Information shown:
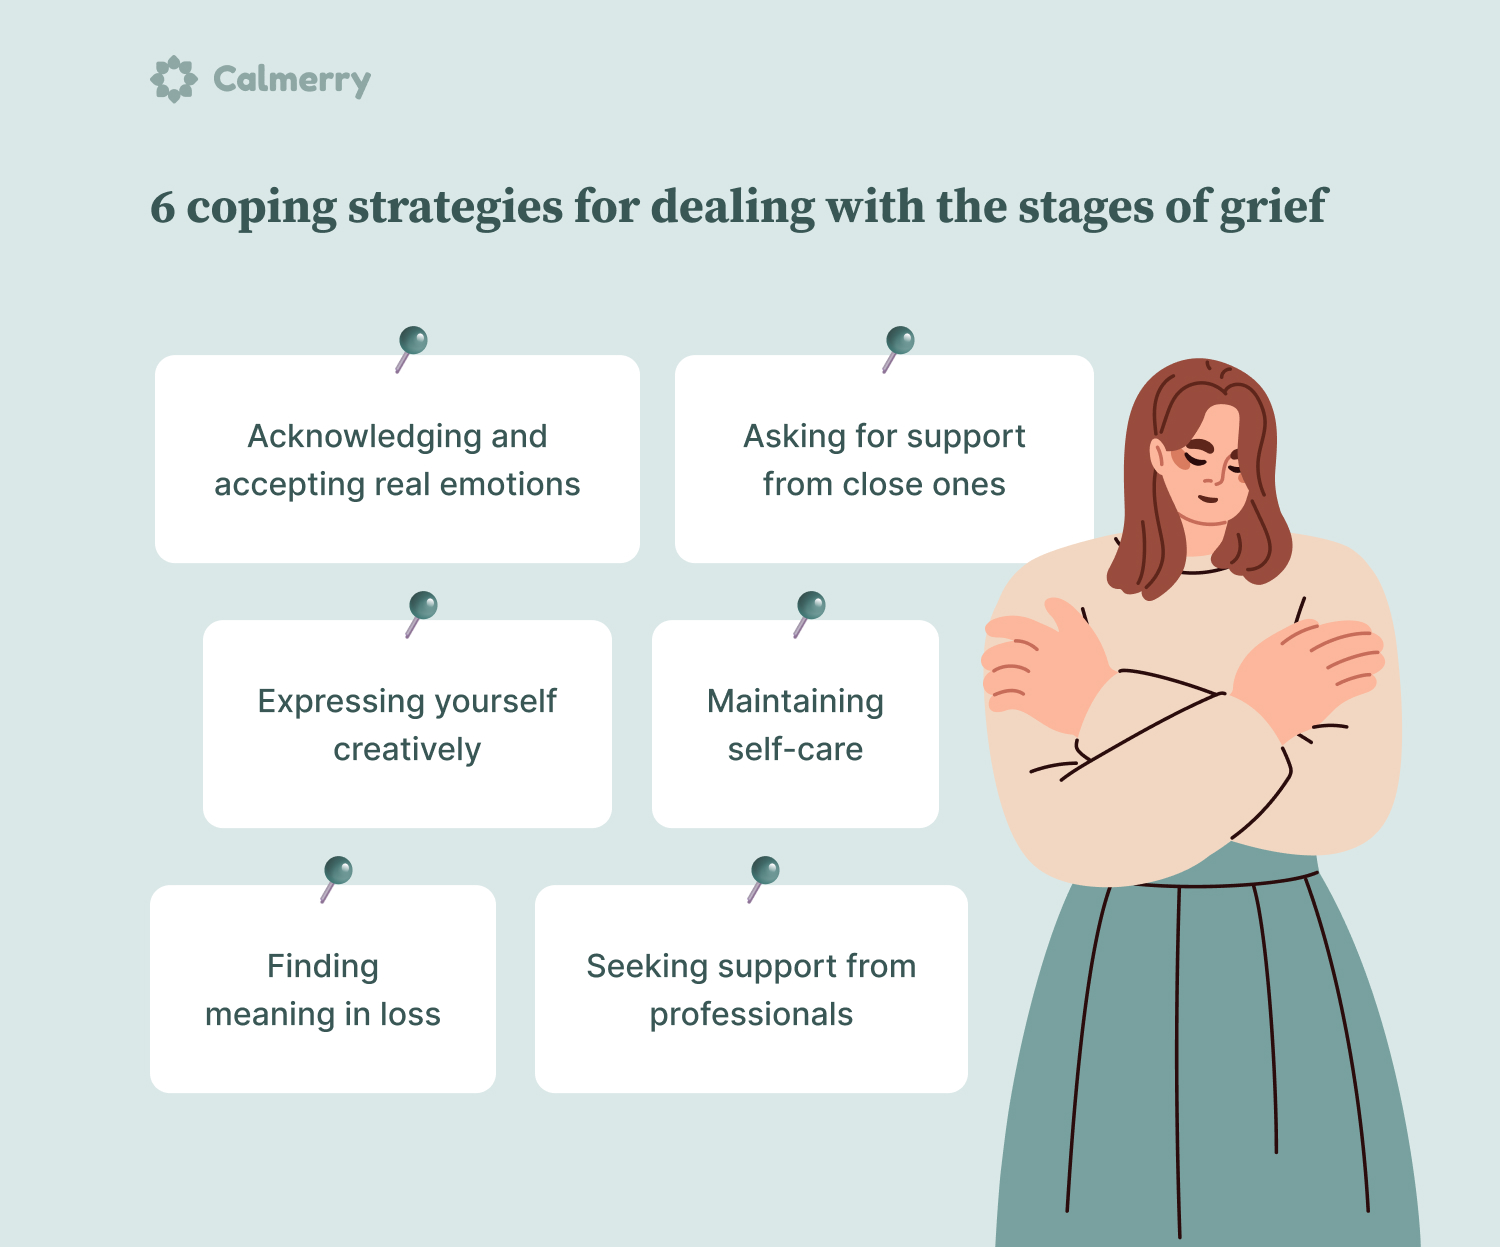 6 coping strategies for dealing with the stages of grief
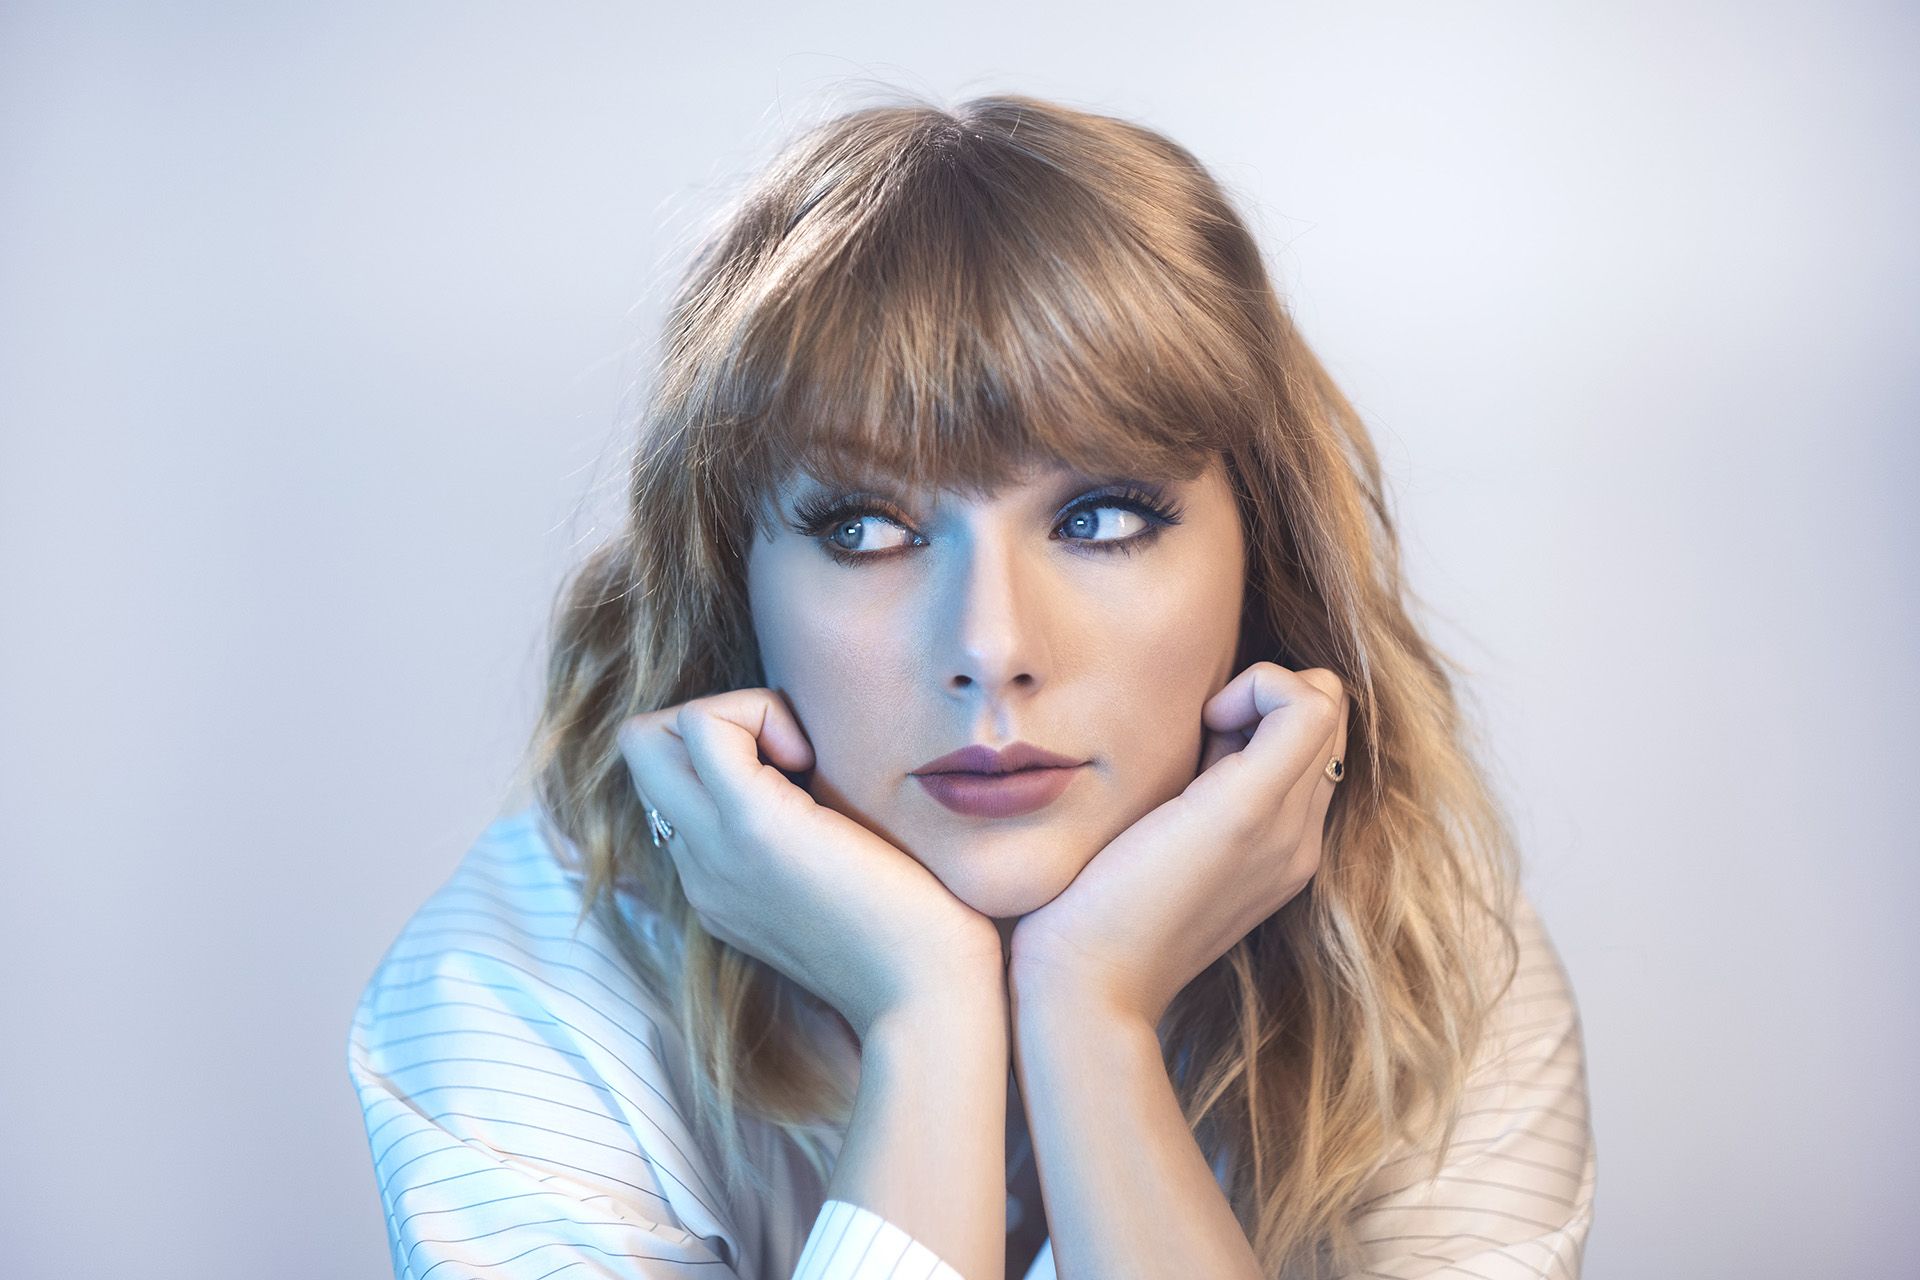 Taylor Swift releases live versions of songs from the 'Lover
...
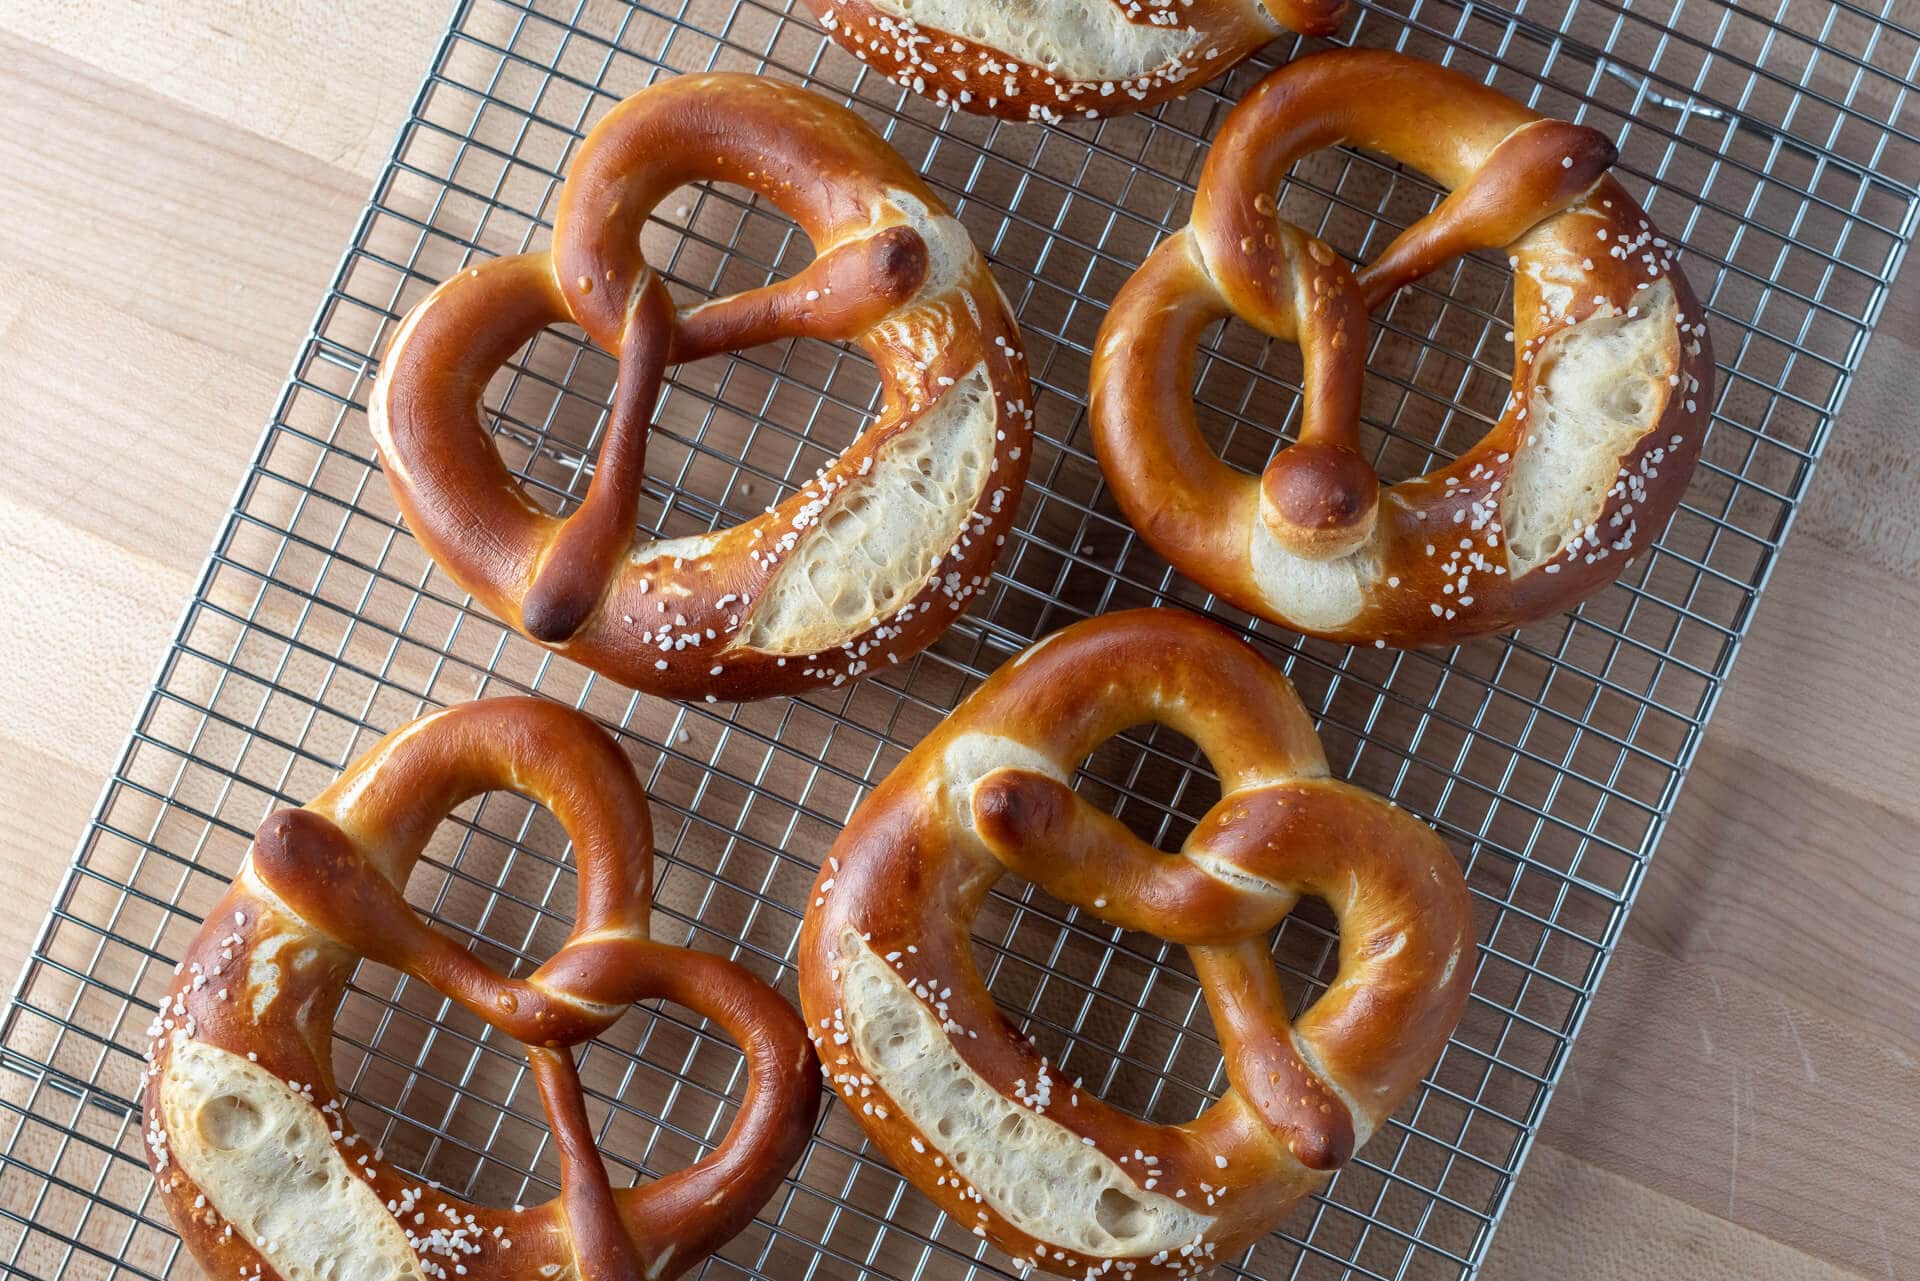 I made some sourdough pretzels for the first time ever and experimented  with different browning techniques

Requirement:
Give back exactly the lines of the listing above from the one that contains "6 coping strategies" up to and including the one that contains "Taylor Swift releases", but not the pictures, and no other lines.

Exercise result:
 6 coping strategies for dealing with the stages of grief
 Taylor Swift releases live versions of songs from the 'Lover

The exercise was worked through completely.